Rare lobster coloring could technically be temporary

Sorry to keep bursting rare colorful lobster bubbles, but it's also possible for a lobster's coloring to be a temporary, fleeting condition. Murphy said the coloring of so-called rare lobsters can be caused by two different things: genetics and food.

The genetic route is permanent. It causes a lobster's shell to form differently than it's supposed to. A lobster shell has three layers. Typically, those layers are bonded by proteins. The rusty, brown color we're used to seeing on lobsters is those proteins coming together. If that bonding doesn't happen correctly, one color might not be present and another might show through more prominently. Hence the shell can take on another color. Lobsters molt as they grow, and if their coloring is related to genetics it'll stay that color no matter how many times they molt.

The other way a lobster's color can be affected is what it eats—and that can change. Murphy said if a lobster is fed foods with different proteins, it can actually change the color of their shell. Those one in a 100 million white lobsters? Murphy and his researchers used to create them at the aquarium by altering the food that was given to lobsters.

"Our lobster research team used to feed them homemade food that was missing proteins for color, so the lobsters we had were actually white," said Murphy. The researchers didn't do this to create rare lobsters; removing the lobsters' natural pigmentation made it easier for researchers to spot shell disease. "When the project was done, they'd have wild shrimp and fish again, and over time they'd molt and get their normal color back."

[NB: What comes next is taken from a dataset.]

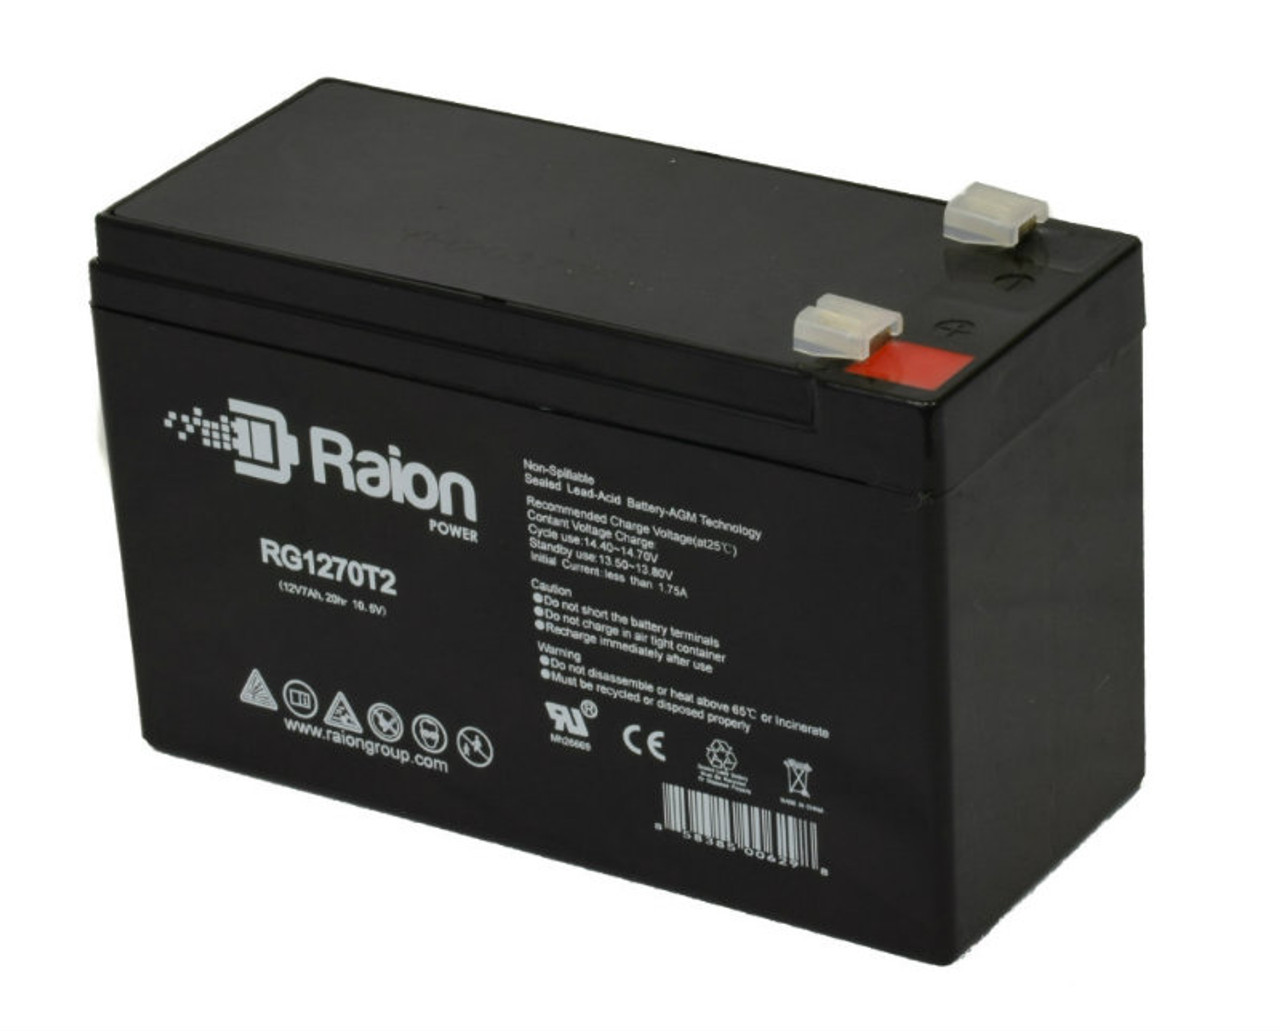 Raion Power RG1270T1 12V 7Ah Non-Spillable Replacement Battery for Power Kingdom PS7-12
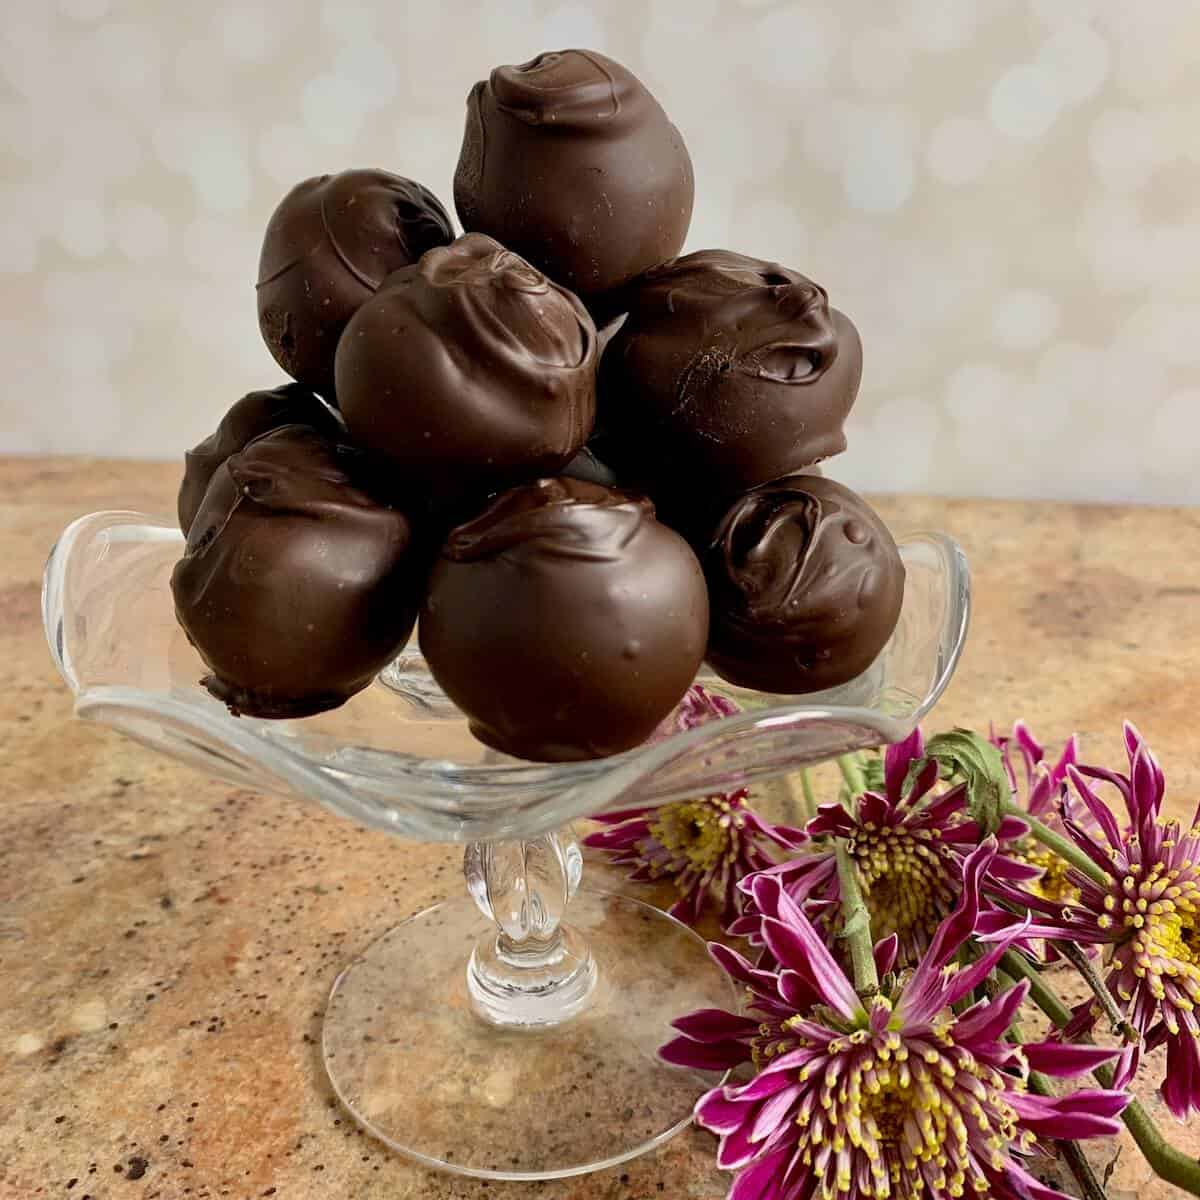 Chocolate cake truffles stacked on a glass plate stand with pink flowers below.

So, I asked Murphy: is it possible that a lobster could just be eating proteins that turned it orange, and then it would be donated to an aquarium, and, after being there a while and eating normal stuff, would turn the color of a normal lobster? Yes, though it's never happened to him personally. He said there's no way to tell by looking at a lobster whether its rare coloring is due to genetics or food, so when a new rare lobster comes in, the only thing to do is wait. "We get 'em in, we keep 'em, and we see what happens."

What makes rare lobsters so special, and can you eat them?

As for what's so special about odd-colored lobsters, Murphy said other than their color, not much. Inside, they're the same lobster as their rust-colored counterparts, and the behave just like normal lobsters, which includes peeing from their face. That fact has nothing to do with rarity, but I'm including it anyway because, as Murphy said, "Everyone likes a good pee story."

Murphy said there's no real rule governing whether or not rare lobsters could be eaten. "People can eat blue lobsters, if they want to have that rare opportunity to eat something that's one in two million," said Murphy. Rare lobsters being saved is more ceremonial and happens because of an unspoken thing among those who deal with lobsters: you save the special ones.

"People who find one find it really amazing and want to tell people about it and show people," he said. "I have 12 lobsters under my care right now, all different colors, all donated by local fisherman or grocery stores. People get it and think it's amazing and want to share it with the world."

Do they taste the same as normal lobsters? Murphy said as far as he knows, they would. Though, being that he works with lobsters all day, he feels a little funny about eating them. Sometimes he'll have lobster mac and cheese, he said, but seeing a full one on a plate gives him the creeps.

"To see one on the plate..." he trails off, like he isn't even sure how to put it. "I feel like they look at me weird when I come back to work. Like I have a guilty look about me."